In the records below, begin at the line that has "Wyatt Flood is" and stop after the line that has "Technology for regular weight control"; quote those lines verbatim and nothing more.

Data for processing Start Marker

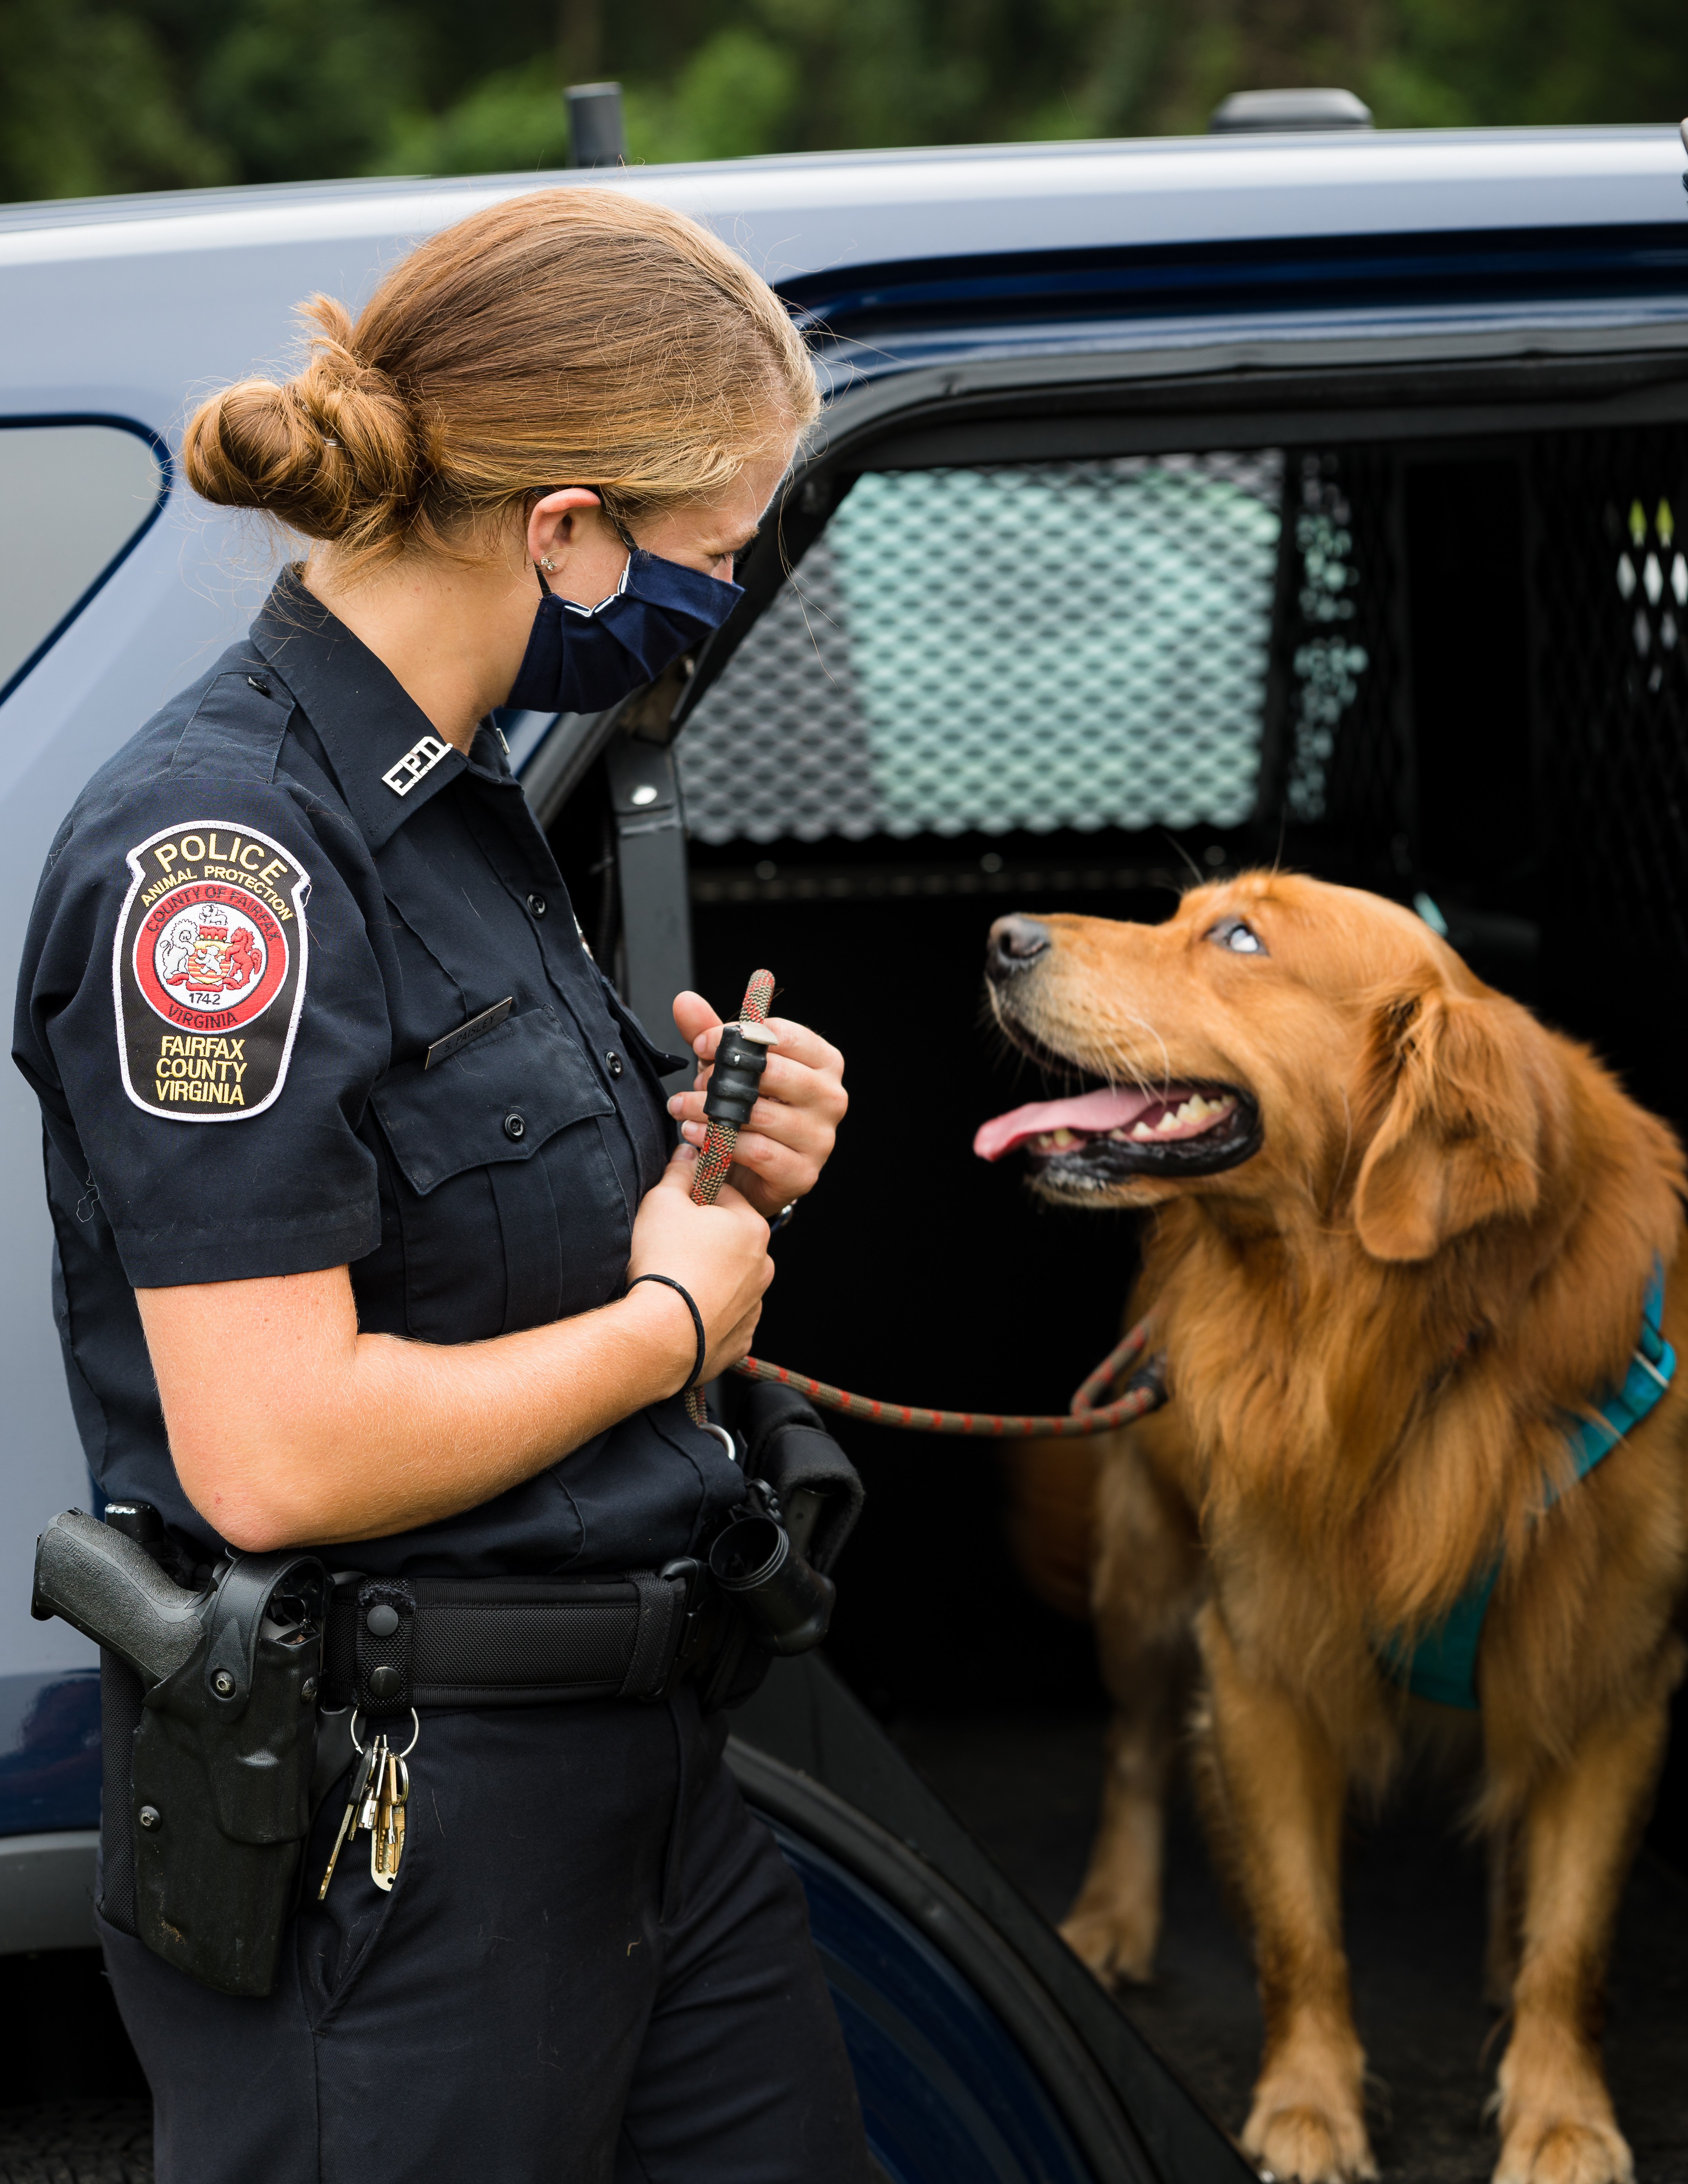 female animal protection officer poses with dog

Data for processing End Marker
Data for processing Start Marker

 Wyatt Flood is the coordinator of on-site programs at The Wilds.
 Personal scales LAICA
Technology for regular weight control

Data for processing End Marker

## Answer space
 Wyatt Flood is the coordinator of on-site programs at The Wilds.
 Personal scales LAICA
Technology for regular weight control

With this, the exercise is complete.